Africa is often considered as and referred to the “Sun continent” or the continent where the Sun’s influence is the greatest  . The theoretical reserves of Africa’s solar energy are estimated at 60,000,000 TWh/year, which accounts for almost 40% of the global total, thus definitely making Africa the most sun-rich continent in the world  .
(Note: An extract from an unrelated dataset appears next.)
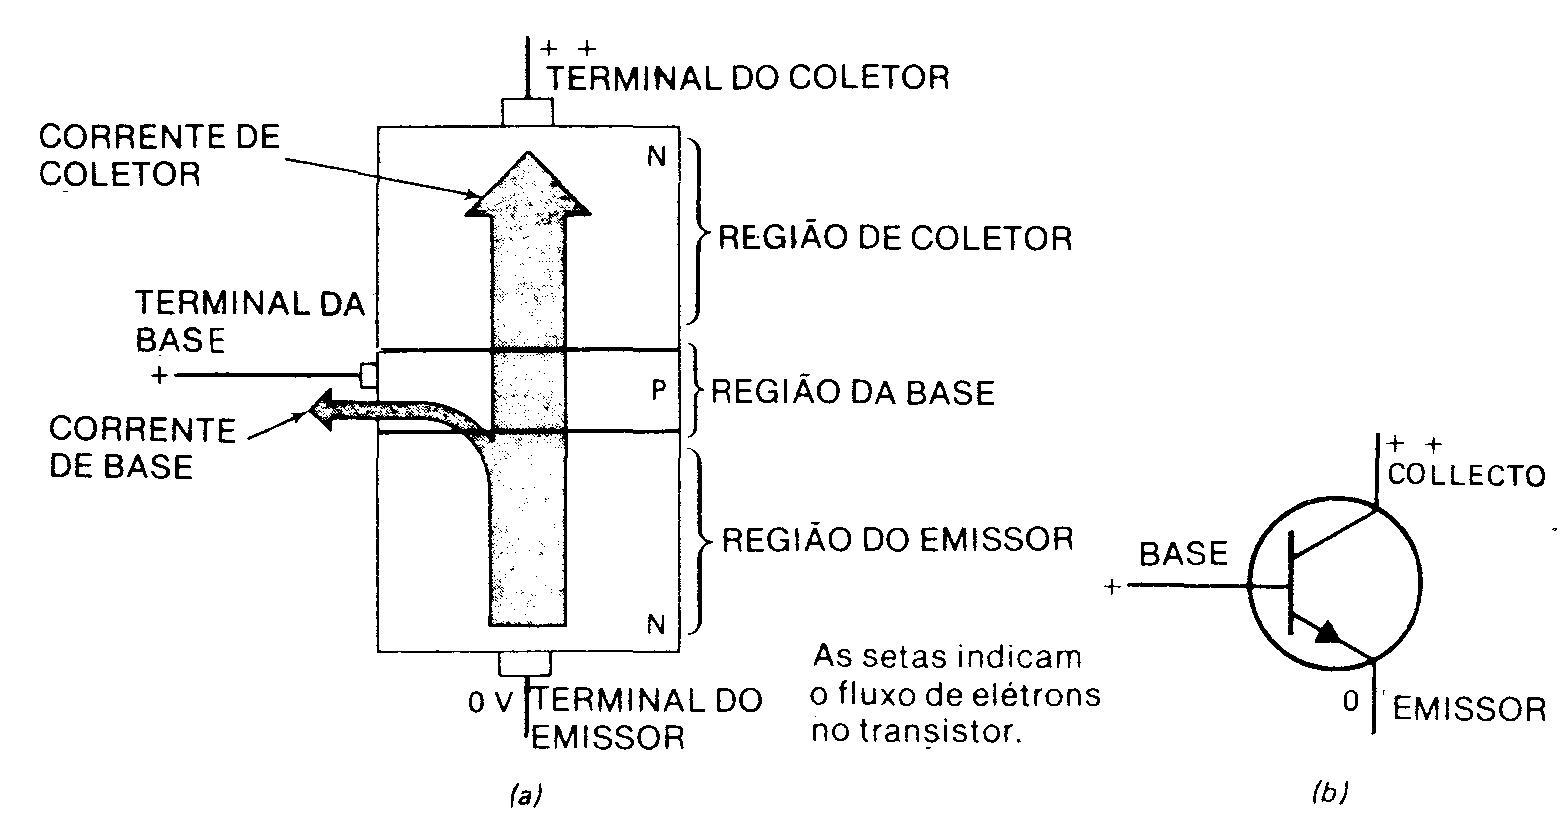 Esta corrente externa é sempreconsiderada uma corrente de elétrons. Pode-se  ver na Figura que o transistor possui três seções que são chamadas emissor,  ... 3208222bd3

The global solar irradiation of Africa is very favorable to the solar energy exploitation. Some parts of the continent are among the sunniest in the world in terms of intensity of solar radiation   or duration of insolation  . For instance, the center of the eastern Sahara is the driest region of the globe  . Likewise, the region between Libya, Egypt, Sudan and Chad, is the sunniest part of the Earth with over 4300 hours per year  , which is equal to 97% of the possible total  . This region also has the highest mean annual values of solar radiation (the maximum recorded being over 220 kcal/cm2)  . However, the solar potential is not homogeneous across region and countries in Africa. Indeed, this radiation varies according to the climatic zone (altitude, longitude and latitude) and the atmospheric components (rainfall, aerosol, precipitable water).
The focus of this work is on N’Djamena (12˚08N, 15˚04E) administrative capital of Chad from 2017 to 2018. The climate is characterized by warm and dry continental type. From north to south of Chad, we have a succession of Saharan climate in the north, Sahelian in the center and Sudanese in the South    . Indeed, Chad is one of the world’s sunniest countries which receives more than 3030.91 ± 176.33 hours of sunning corresponding to 8.9 hours daily  . Similarly, there is a strong gradient between the north and south of the country. For example, daily insolation is 10 ± 0.41 hours in the north, 8.85 ± 1.1 hours in the center and 7.75 ± 1.8 hours in the south  . Besides, there is a marked seasonality of the duration of sunshine with maxima in the dry season and minima in the rainy season. The lowest values of sunshine duration are in August (less than 7.5 hours per day). On the contrary, maximums are recorded from November to February with values greater than 9.5 hours per day. The aim of this work is to evaluate the available solar potential (direct normal, diffuse and global) over N’Djamena in Chad. For the first time a pyranometer has been used to characterize the global potential and Streamer model which serves to estimate the direct normal and diffuse potential. The paper is organized as follows. “Data and Methodology” presents the study area (N’Djamena station), in situ measurement (by pyranometer and heliograph), the space (MODIS sensor) data (aerosol optical depth (AOD) and precipitable water) and Streamer radiative transfer code. The results are presented in “Results and discussions”.
2. Data and Methodology
2.1. Presentation of N’Djamena Site
The focus of this work is on the N’Djamena city (12˚08N, 15˚04E) administrative capital of Chad Republic in Central Africa. In addition to the Campbell-Stokes heliograph (which measured sunstroke), this site has recently had a pyranometer (vantage Pro2 weather station) measuring the global solar irradiation. Climatic conditions over N’Djamena site are like the Sahel region (West African region located between 8˚N - 18˚N and 20˚W - 20˚E) with 7 months of the dry season (from November to May) and 5 months of the rainy season (from June to October). This new instrumented site is a unique opportunity to study the links between meteorological and climatic parameters (insolation, aerosols, clouds, etc.) and solar radiation over this region.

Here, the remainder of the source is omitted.